The Admissions Archive: A Symbolic Acceptance Letter

The Admissions Archive: A Symbolic Acceptance Letter

An admissions director compares his college acceptance letter to what students receive today.

Little did I know that, when I received my acceptance letter from Western Michigan University on October 21, 1989, as a 17-year-old, there would be more to this letter than just my welcome into college.

I am probably among few people worldwide who has kept his college acceptance letter for 17 years or more. I kept it because at the time it was representing a rite of passage for me as a first-generation college student. Also, it was my first college acceptance.

However, this story isn't just about still having the letter. It's about what it means now. You see, it was signed by Stanley E. Henderson, director of Admissions at WMU at that time. Henderson is now my boss, the vice chancellor of enrollment management and student life at the University of Michigan-Dearborn, where I serve as the director of admissions and orientation.

I often wonder, who is the student I am accepting who may become my colleague in the future?

In other words, my name is now going out in the same fashion as Henderson's letter did back in 1989. I often wonder, who is the student I am accepting who may become my colleague in the future?

His name, title, and signature meant little to me 17 years ago. It was merely my ticket into college. Today, I'm proud to still have that letter; it symbolizes my beginning connection to this field of college admissions that is now my professional career.

As I reread the letter, I note some major differences in how Mr. Henderson communicated to an admitted student compared to how we do it in 2006.

First, mine wasn't even personalized. It began with "Western. You belong here." In fact, it wasn't even dated! It was basically a photocopied form letter. Of course, back then, did I care? Probably not. Today, I'd be mortified if we sent a letter like that out.

Second, the congratulations message doesn't appear until the fourth line of the letter. Today's students wouldn't even read that far to know they had been accepted. And, the photocopied letterhead logo doesn't match the university logo on the window envelope. In our world of marketing and brand management, it would be suicide to send out such correspondence!

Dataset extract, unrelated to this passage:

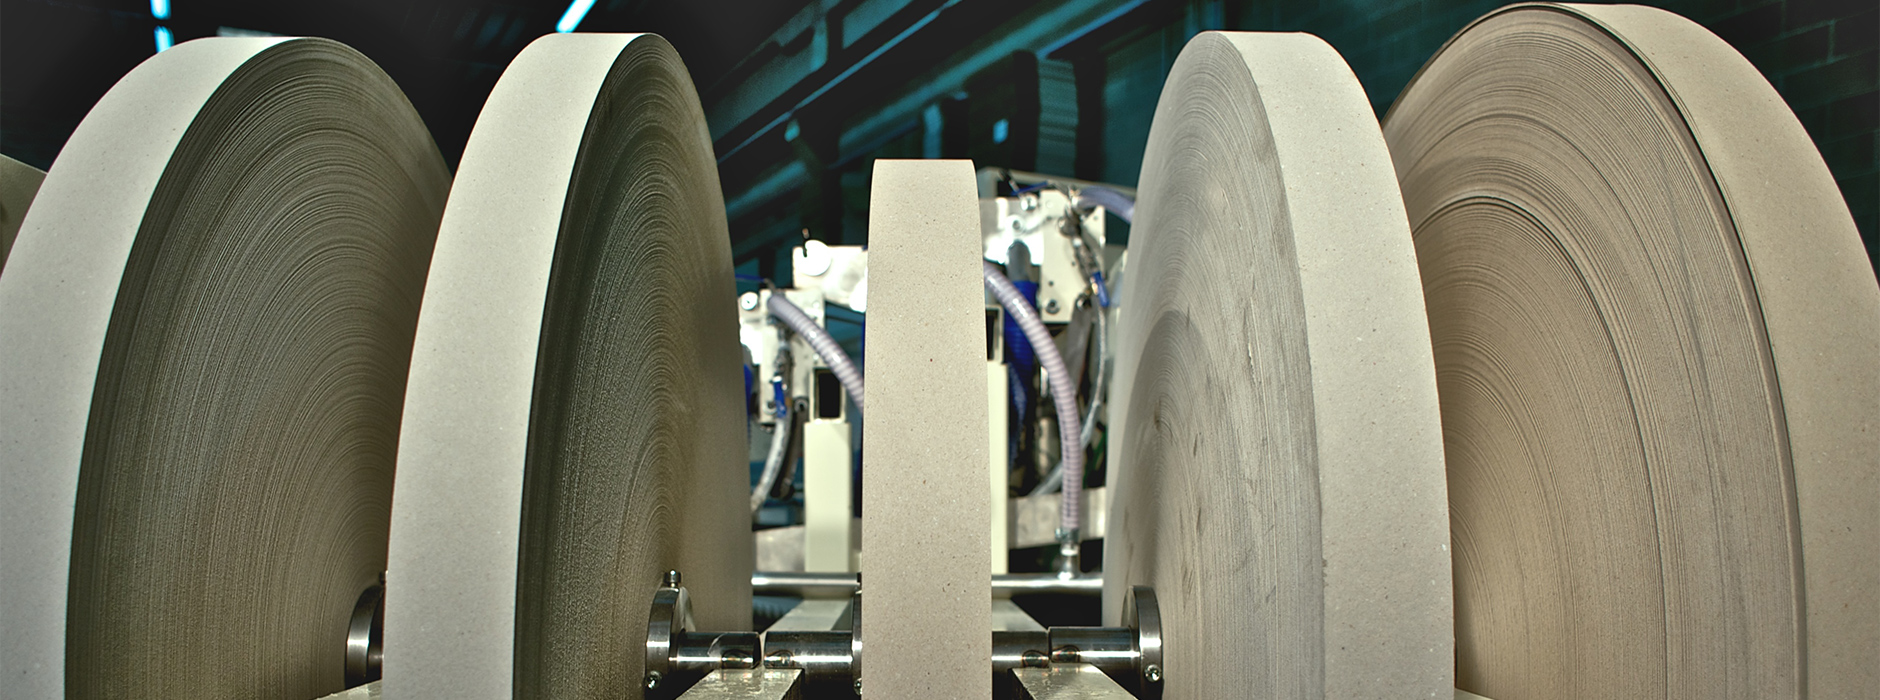 Spares & More - Tissue Converting Machine

While being a form letter, it does communicate a friendliness and emphasis on me. For example, it contains phrases like, "our invitation for you to become a part of the Western family," "You are what we are all about," and "We are proud to welcome you to our community and look forward to the contributions you will make to your university." And, of course, it ends with my favorite way that Henderson always signed his letters, "Yours for Western."

Not many people have the chance to know a director of admissions. Those who do have probably appealed an admission decision, worked in an Admissions office, or had a neighbor with the title. Students tend to just see their own names on the endless letters from an Admissions office.

I'm grateful that my director of admissions became more than a name on a sheet of copy paper. He became my mentor in this field. I offer this article as a salute to the man who, as his letter to me said, belongs here. You're right, Mr. Henderson, I do belong in admissions!

Christopher W. Tremblay is director of admissions and orientation at the University of Michigan-Dearborn.